Houve um custo alto, especialmente na manutenção de taxas de juros escandalosamente elevadas. Mas, graças a essa estratégia, Lula logrou chegar ao final do mandato completando o ciclo de inclusão com o país em paz, unido.
O ponto final nesse período e o início do novo ciclo dependeria fundamentalmente de como se daria a sucessão de Lula.
Ao completar o primeiro ano de governo com os índices atuais de aprovação, Dilma Rousseff confirma que Lula acertou sua última aposta.
Os próximos desafios
Até agora, Dilma mostrou ser capaz de consolidar o modelo Lula, de criação de um forte mercado de consumo interno. É bom, mas é pouco. Para inaugurar oficialmente a próxima etapa do país, terá que promover um salto qualitativo no planejamento estratégico do país, conduzir uma reforma política à altura dos novos tempos, preparar o Estado brasileiro para o grande processo de consolidação do novo desenvolvimentismo.
O desafio do câmbio e juros
No política econômica, Dilma terá que ser mais ousada no desmonte da armadilha juros-. O BC deu início a um desmonte lento e gradual, que passa pela redução da taxa Selic e algumas medidas visando impedir a apreciação cambial. No máximo pretende-se um câmbio menos apreciado, mas ainda em níveis que impedem um salto de competitividade da produção brasileira. Cada dia de câmbio apreciado é um dia a menos na entrada na nova etapa.
A criação de uma nova oposição
O fim político de José Serra abre espaço para a reconstrução da oposição, ponto central para a alternância democrática. O importante é que movimentos de oposição e situação não se situarão em polos opostos. Hoje em dia há consenso sobre a importância da responsabilidade fiscal, do controle da inflação, da busca do desenvolvimento e, acima de tudo, dos compromissos sociais de eliminação da pobreza.

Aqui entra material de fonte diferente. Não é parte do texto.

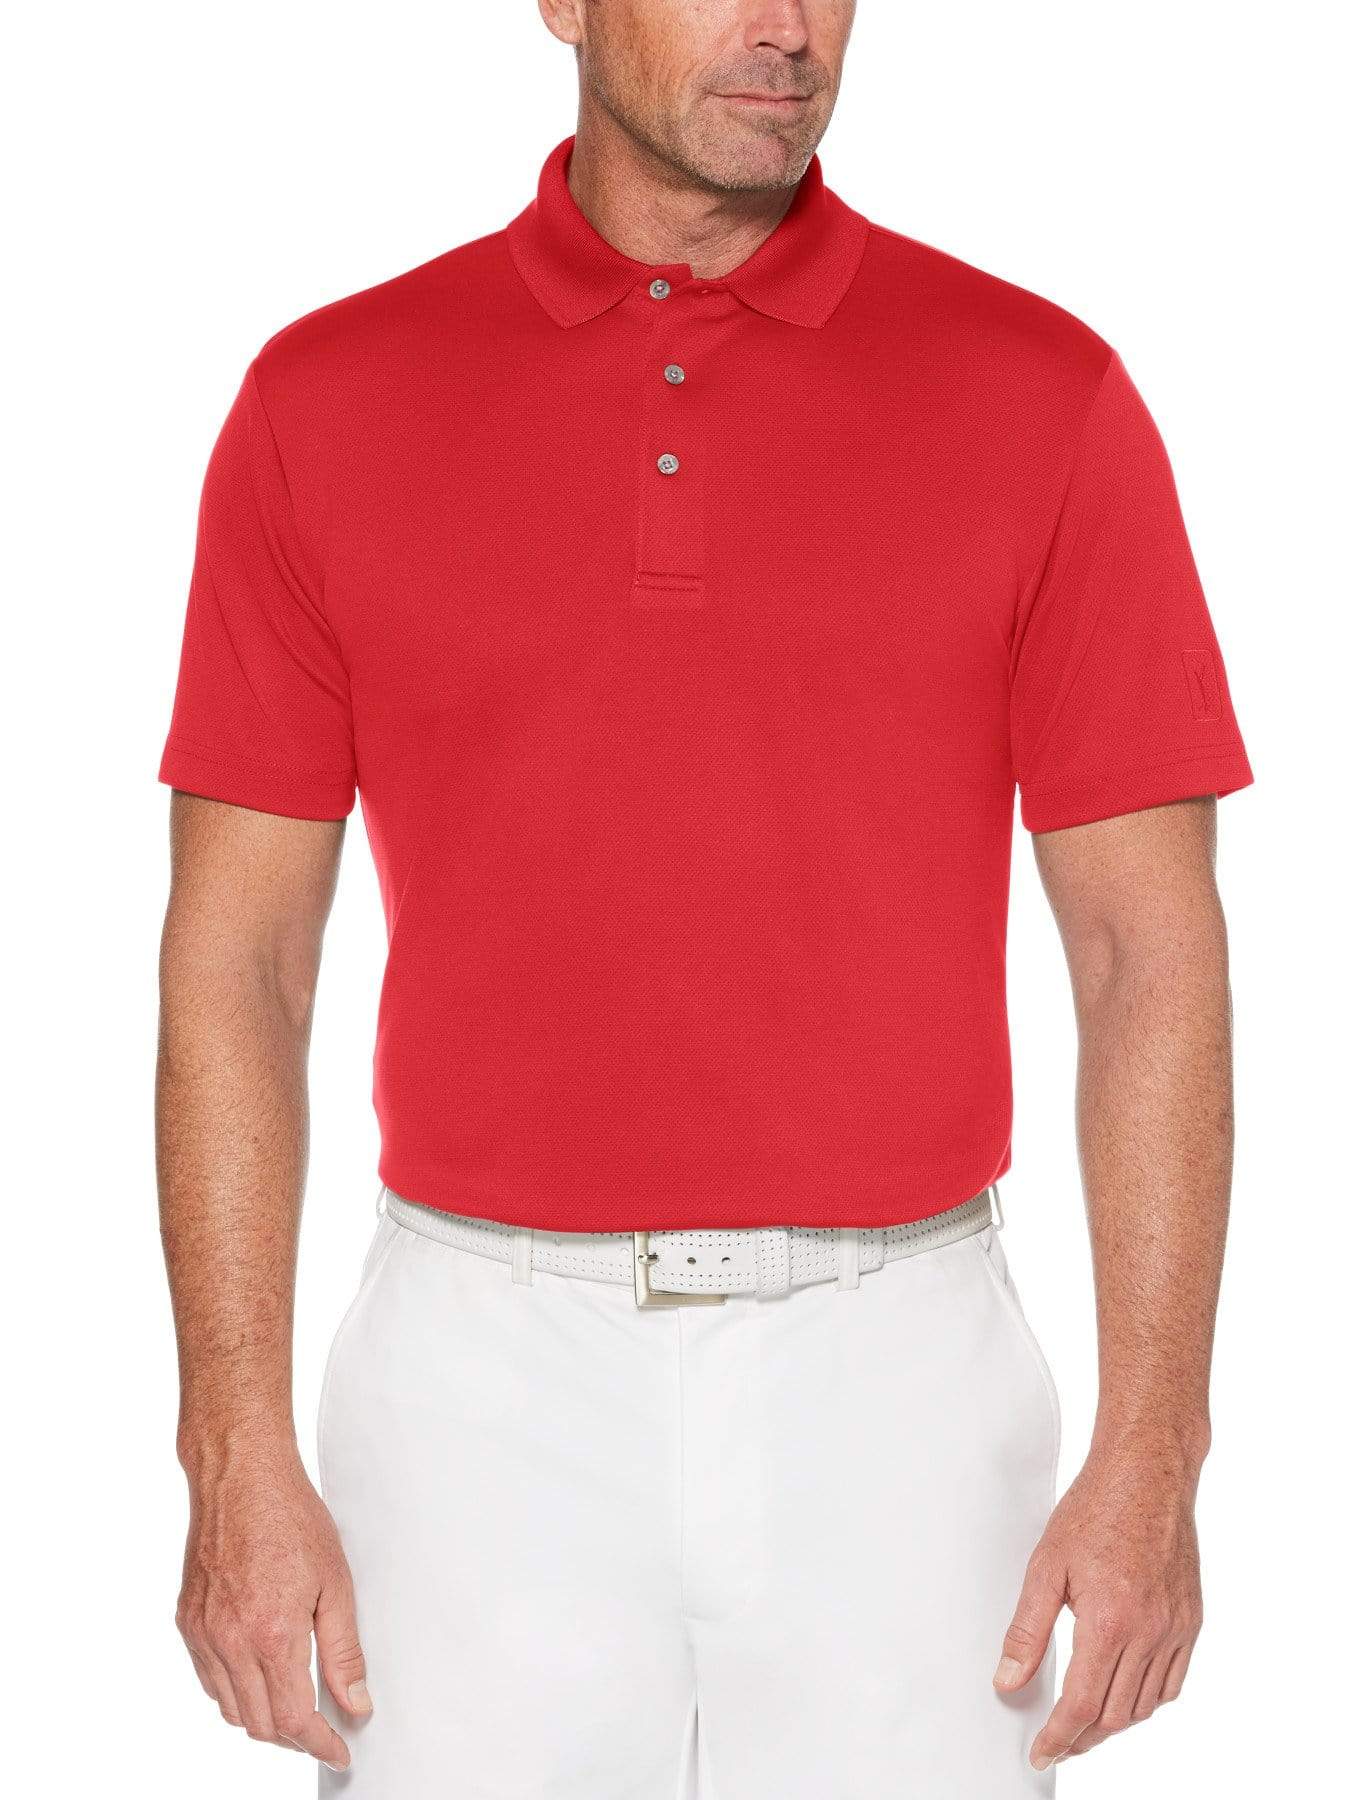 PGA TOUR Apparel Mens Big & Tall AirFlux™ Solid Mesh Polo Shirt, Size 4XLT, Chili Pepper Red, 100% Polyester | Golf Apparel Shop
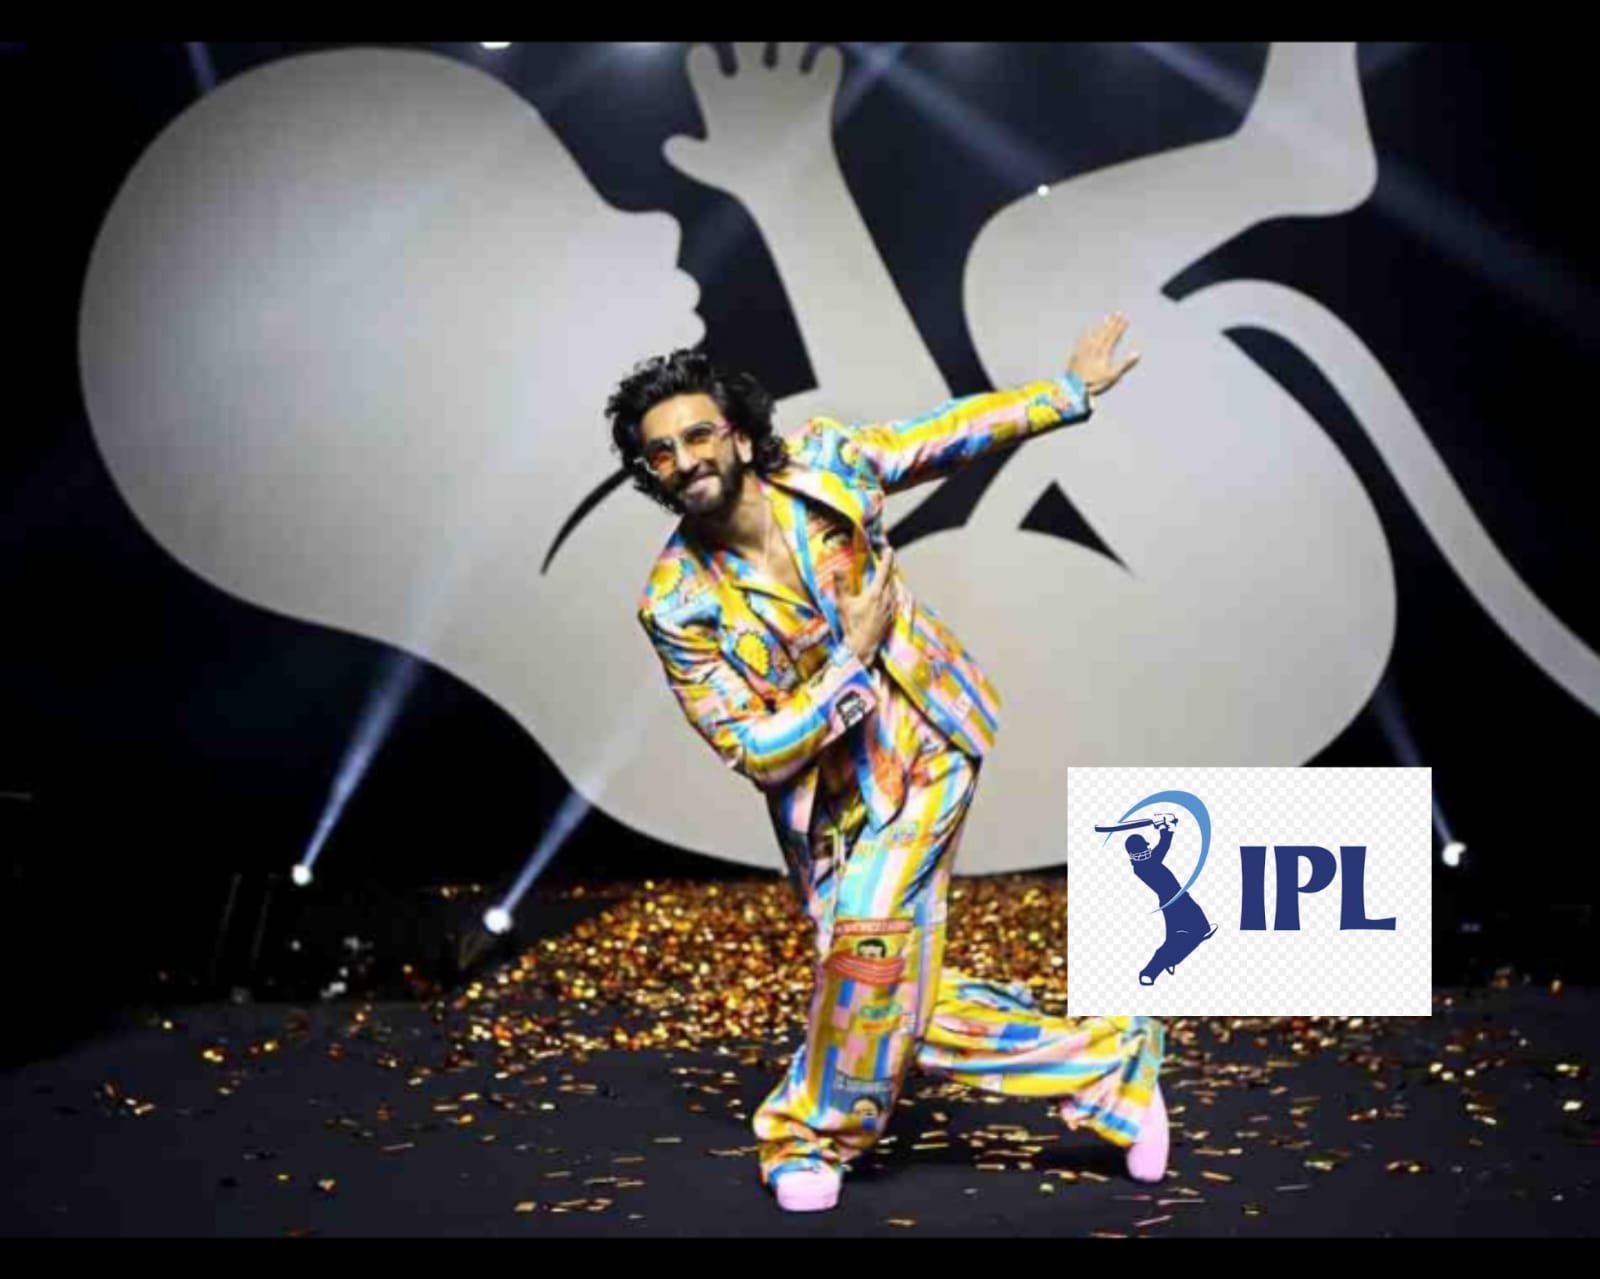 IPL 2022 Closing Ceremony: Film 83 Star Ranveer Singh, AR Rahman to perform in the closing ceremony of IPL, BCCI to invite all former captains of Indian Cricket team

Se Serra tivesse vencido - 1
O maior risco que a democracia brasileiro enfrentou, desde a redemocratização, foi a eventualidade da eleição de José Serra. Nenhum outro candidato do PSDB – Geraldo Alckmin, Aécio Neves – ou do PT representaria risco de desestabilização política. Serra, sim. Ao contrário de FHC e Lula, tem um estilo autoritário, vingativo, incapaz de conviver com o contraditório e incapaz de administrar realidades complexas, como um país.
Se Serra tivesse vencido – 2
A revelação de seu estilo subterrâneo, de recorrer a brigadas de arapongas, levantando dossiês contra adversários e aliados – Paulo Renato de Souza, Aécio Neves – comprovam que, eleito, Serra lançaria o país em uma crise política interminável. Pior: as revelações do livro “A Privataria Tucana” mostram que seria um presidente extremamente vulnerável, facilmente exposto a um processo de impeachment.